A team that works has clear, distinct roles:

  • The Lead Agent — one agent, one surface. It reads the contextbase, writes the code, manages git, extracts knowledge, and writes the session brief. One lead per codebase surface. This is the agent doing the building.
  • Bench Agents — independent review on high-stakes calls. They review, they never execute. Invoked for a PRD, a security question, an architecture decision — and budget-capped. Their entire value is independence: a fresh perspective the lead doesn't have.
  • Specialist Agents — scoped subagents for repeatable tasks. A tightly defined role with specific tools and a documented protocol: QA review, release-note authoring, code review against a standard.

Each role is a different job, not a clone of the same job. That's why it works where a swarm doesn't.

Sequential, not parallel

The key insight people miss: a good agent team is a sequential practice, not a parallel one. The rhythm is lead executes → bench reviews → lead acts on the review. One after another, each step clean and recordable.

That sequence is what keeps the work coherent and lets you write a session brief at the end — because there's a single, followable story of what happened. A parallel swarm has no such story, which is exactly why it can't be captured or trusted.

(Genuinely parallel work is possible — but only when the tasks are independent, each agent in its own isolated git worktree. That's different from a crowd on one problem.)

The shared contextbase that holds it together

What coordinates an agent team isn't agents talking to each other. It's a shared contextbase — the version-controlled briefs, decisions and gotchas every agent reads before acting. The lead writes to it. The bench reviews against it. The specialists read it for their scoped job. One source of truth, on disk, that every agent and every human shares.

That's the difference between a team and a mob: a team reads from the same page.

Multi-agent is a sequential practice — lead executes, bench reviews, lead acts — not a swarm on one problem.

Start here: see multi-agent vs single agent, parallel agents with git worktrees, or read the method.

FAQ

What are the roles in an AI agent team?
Three that earn their place: the lead agent (one per codebase surface — reads context, writes code, commits, captures knowledge), bench agents (independent reviewers for high-stakes calls — they review, never execute), and specialist agents (scoped subagents for repeatable tasks like QA or release notes). Lead executes, bench reviews, specialists handle defined jobs.
Is running multiple agents at once a good idea?
Not on the same problem. Multiple agents on one surface produce contradictory output, fight over the same files, and make session memory impossible to write.
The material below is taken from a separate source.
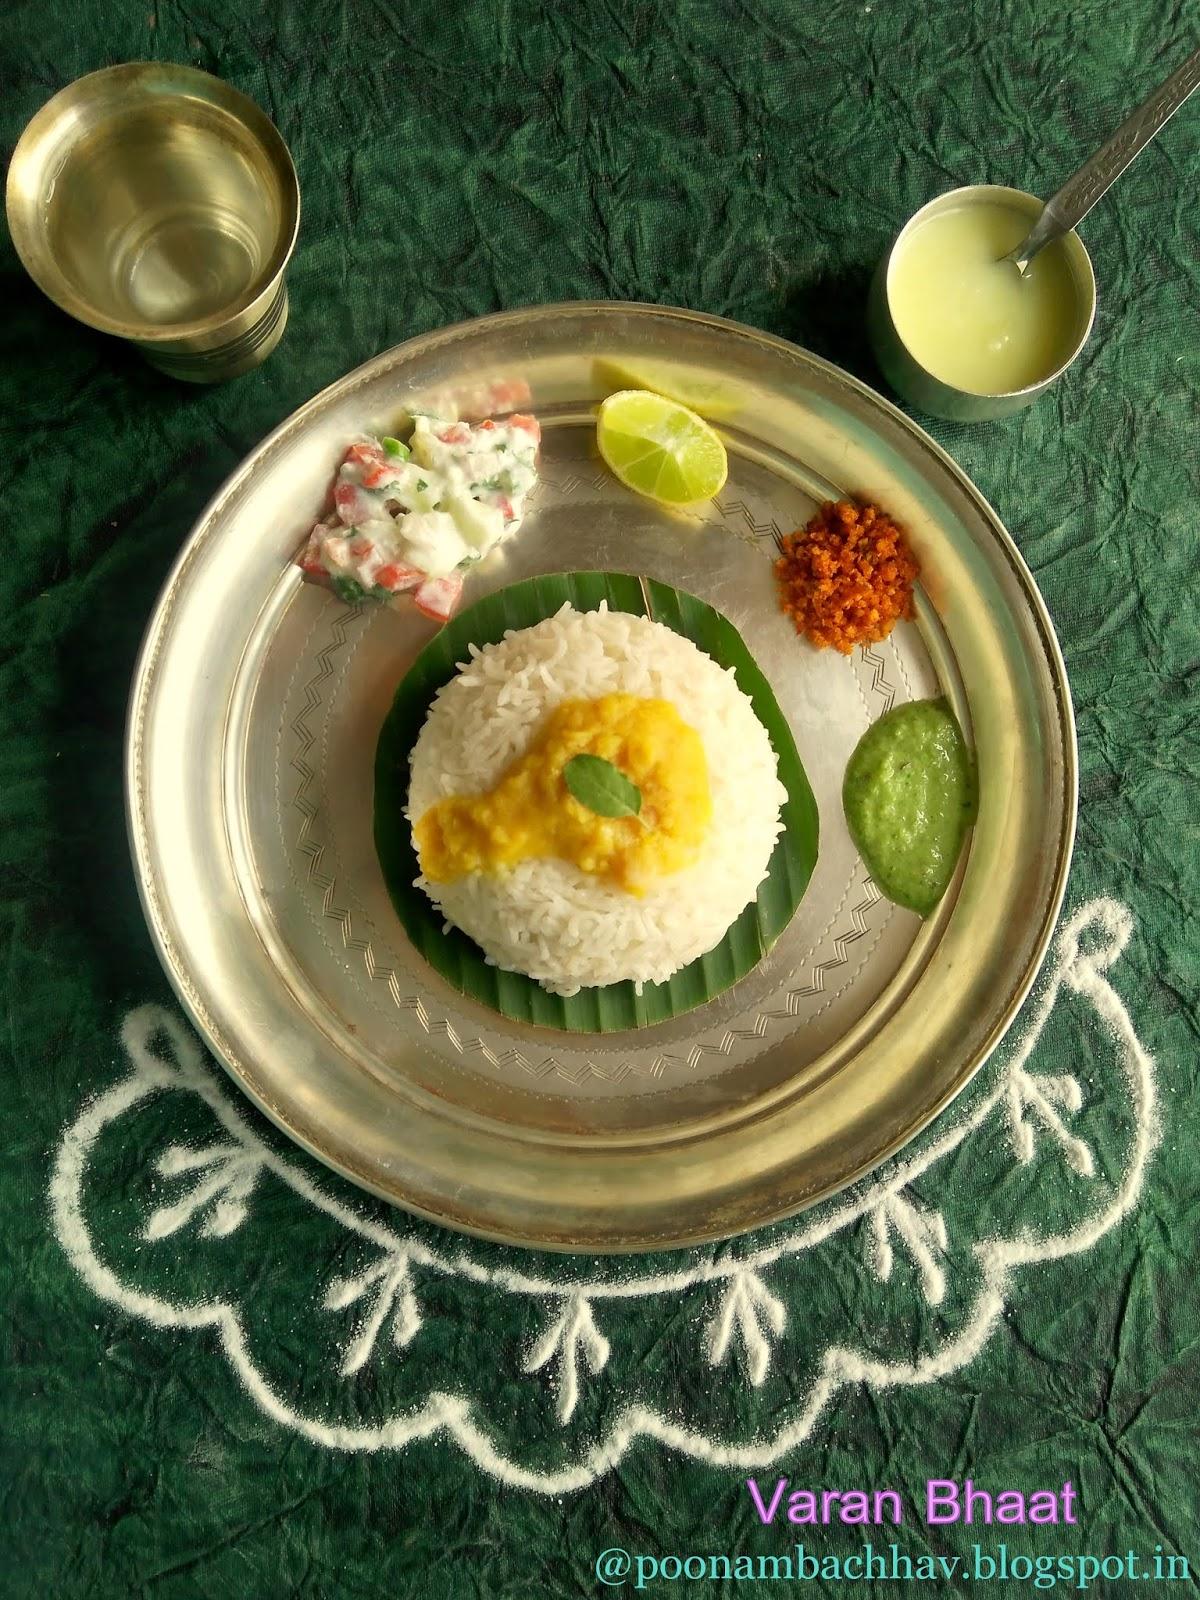 Annapurna: Maharashtrian Varan Bhaat Recipe

Multi-agent works as a sequential practice — lead executes, then a bench agent reviews, then the lead acts — not as a parallel swarm.
How do agent teams stay coordinated?
Through a shared contextbase, not constant chatter. Every agent reads the same version-controlled briefs, decisions and gotchas, so they work from one source of truth. Coordination lives in the written context, not in agents talking to each other.